From a spectator’s point of view, this means that watching a player fly up, do a flip in the air, and punt the ball into the goal after the clock hits zero—which is exactly what happened at the end of the first Rocket League tournament for MLG back in August—is a lot like watching the same thing happen in the physical world. In this case, it’s better because in the physical world, cars can’t fly.

“Some of the inspirations we had were games like Tony Hawk, Amped, and SSX—snowboarding, skiing and skateboarding games,” said Psyonix CEO Dave Hagewood, who considered having the cars sliding on rails during one phase of the game’s inception. “We thought it was a cool combination to take a trick-based game and put a car into it.” Ultimately, the game’s tricks involved freestyle movements. “The beauty of the game comes in when someone who doesn’t know how to fly first sees it done while watching a stream,” said Randy Gibbons, manager of the top-ranked North American team formerly known as Cosmic Aftershock, which won the first-ever tournament for ESL and went up against Urban in the MLG Final.

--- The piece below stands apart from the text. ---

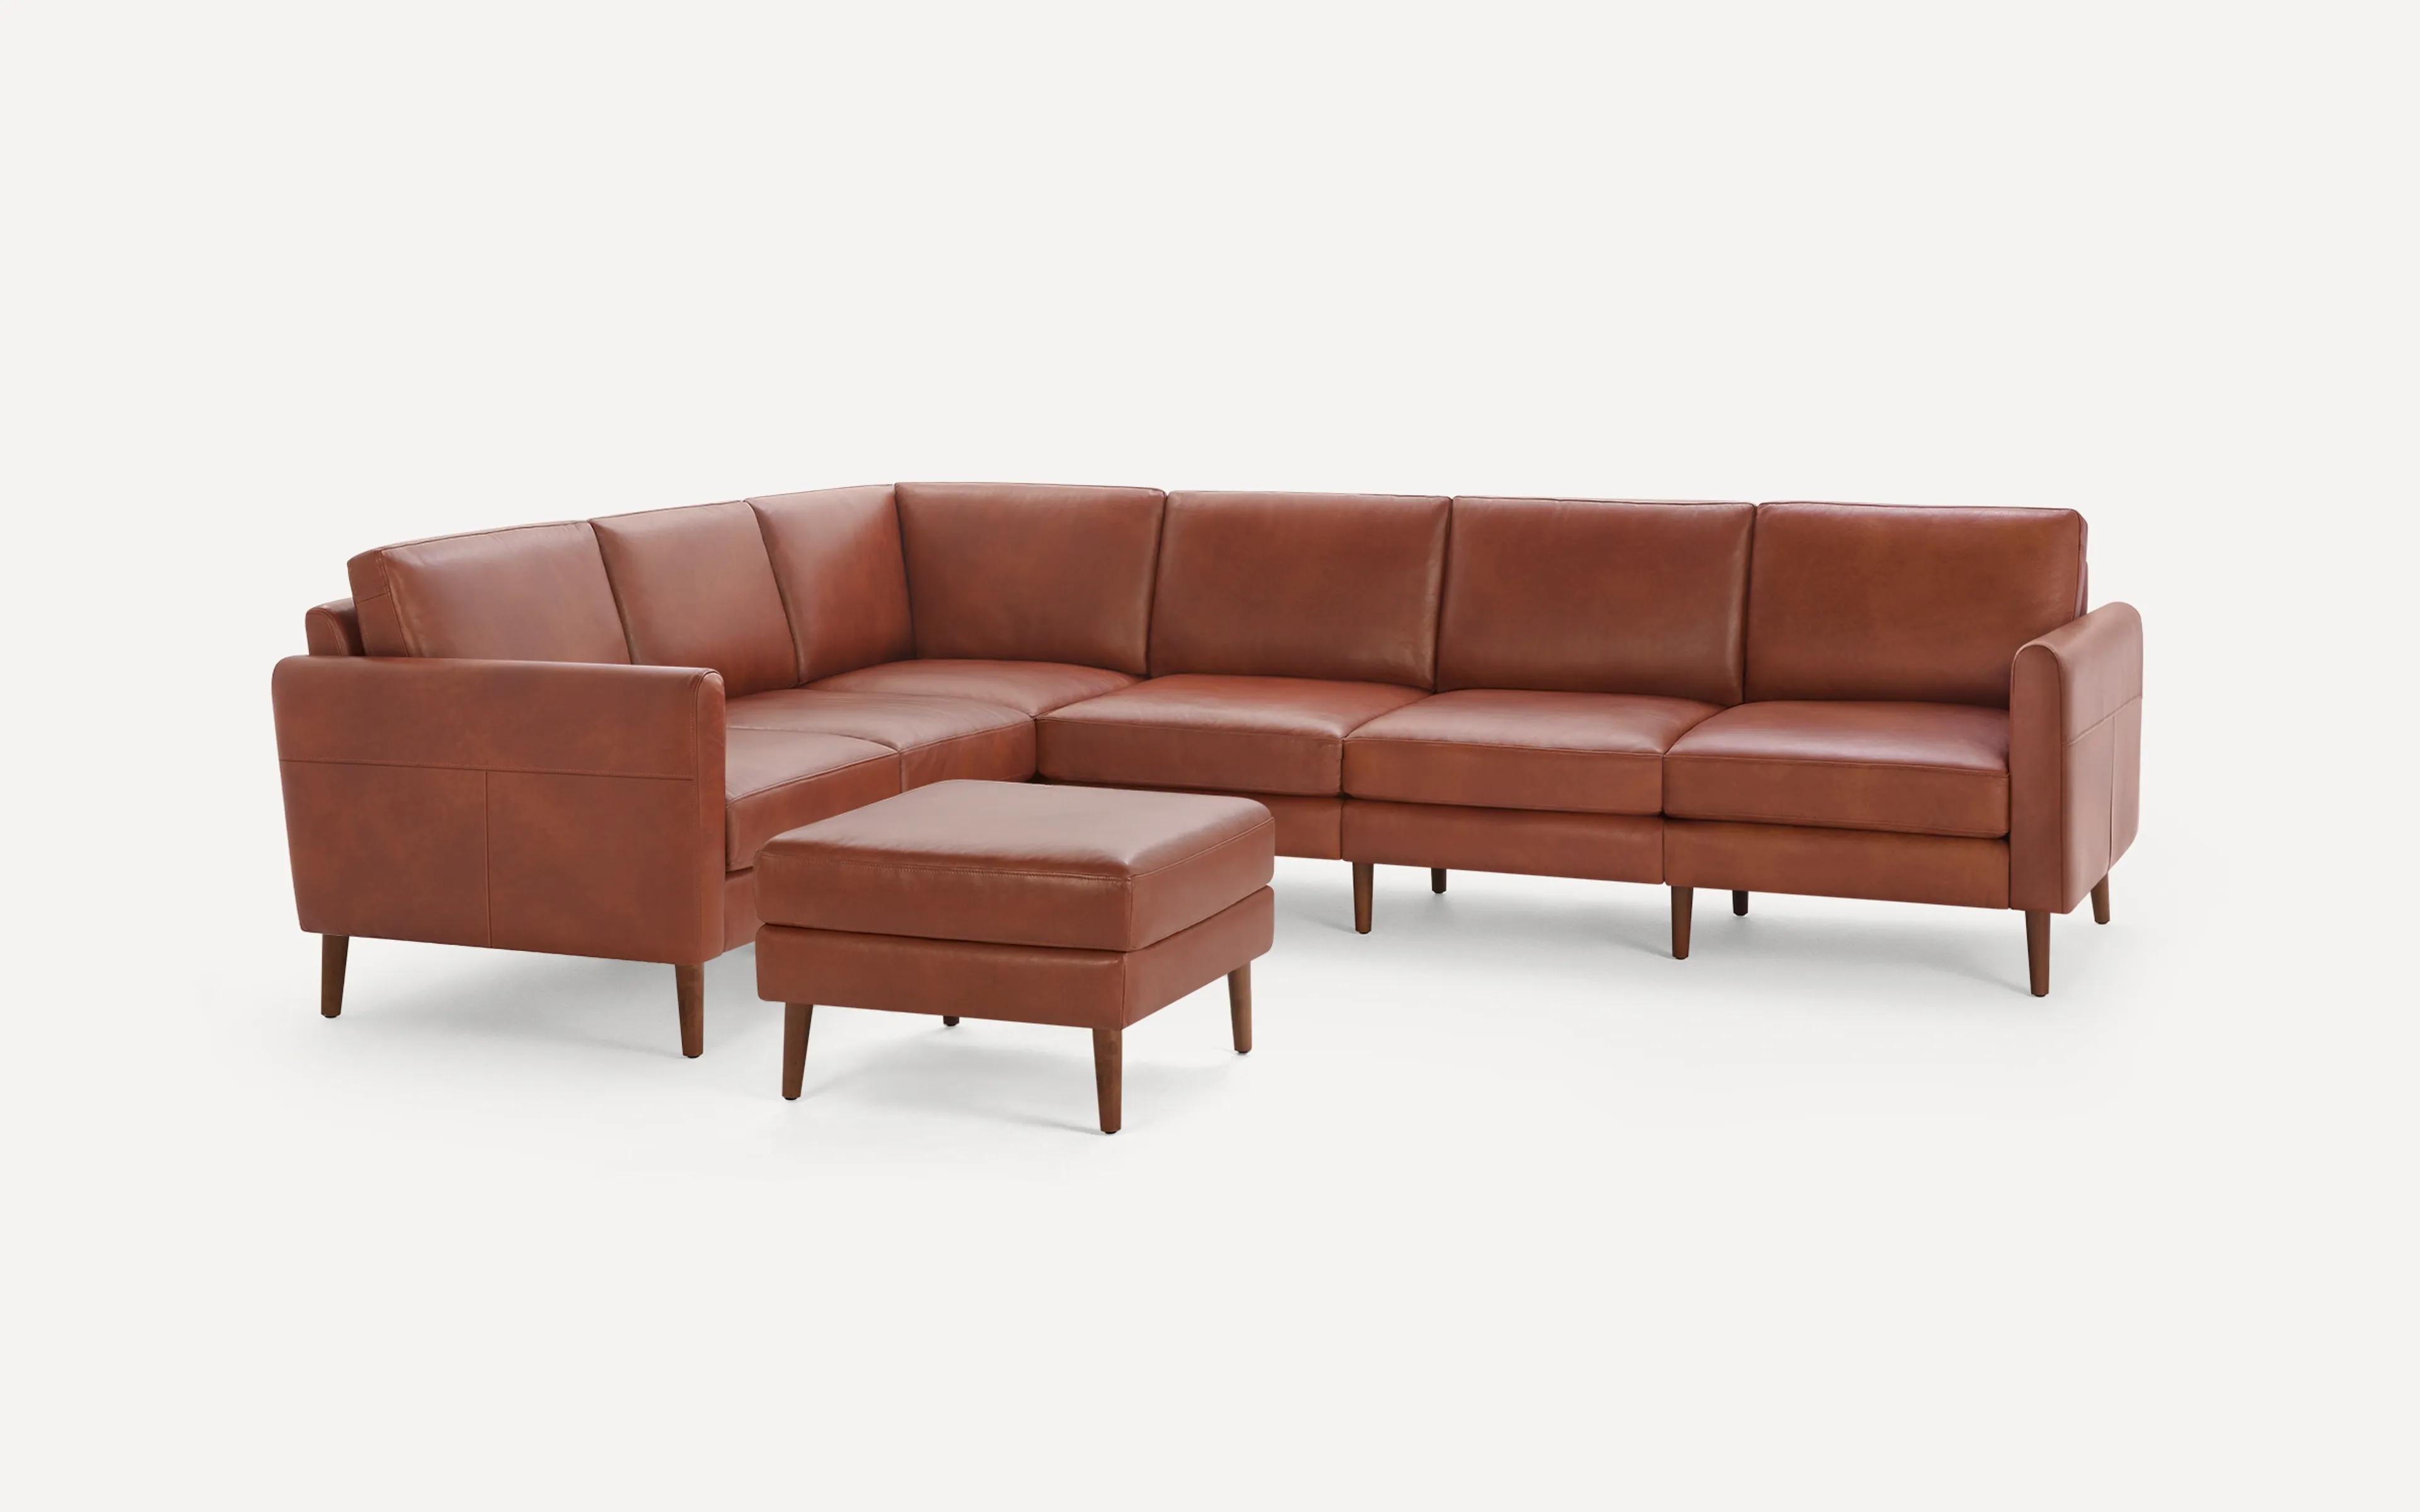 Arch Nomad Leather 6-Seat Corner Sectional with Ottoman
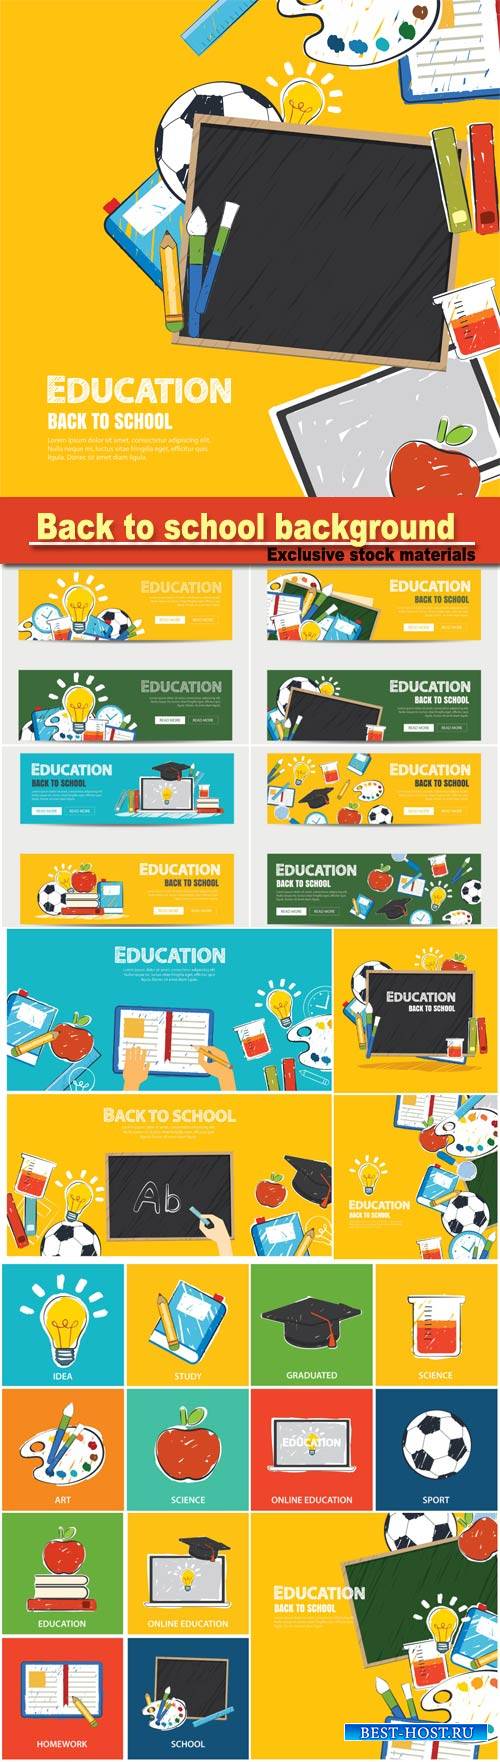 Education banner and back to school background template

Speed and lightning-fast decision-making translate into vehicular athleticism

In late October, Cosmic became “iBP Cosmic,” picking up Rocket League’s biggest-ever endorsement deal. The saga behind Rocket League, however, began long before its little-known predecessor, Supersonic Acrobatic Rocket-Powered Battle Carshit the PlayStation Network in 2008. Hagewood got his start by designing a vehicle mod for Epic Games’ popular multiplayer first-person shooter Unreal Tournament 2003. Epic then approached him to design the marquee feature of UT2004, a multiplayer mode called Onslaught that focused on—as the announcer liked to say in a deep, gravelly voice—“vehicular manslaughter.” Aspects of Onslaught are everywhere in Rocket League, from the tight yet “floaty” handling of the cars themselves to the way the ball explodes gratuitously every time a player scores a goal.

“That’s my style. I like big explosions,” Hagewood said. “Maybe it’s the Michael Bay-style of making games. “I love that kind of short, quick, very visceral kind of gameplay,” he continued. “And that’s exactly what you see in Rocket League. We pulled a lot of that same kind of style forward.” It might seem paradoxical to find this kind of “maximalism” in a minimalist game. But that might also be the point.

Since its release, Rocket League has shaken up the esports world by delivering a very different vision of what the term “esports” means to most players: Something that feels, looks and plays like a physical sport but is amped up to the extreme. Only time will tell whether the game can grow while retaining the simplicity that makes it so distinct. But one thing is for sure: gamers and spectators can expect to see similar games on the market in the future.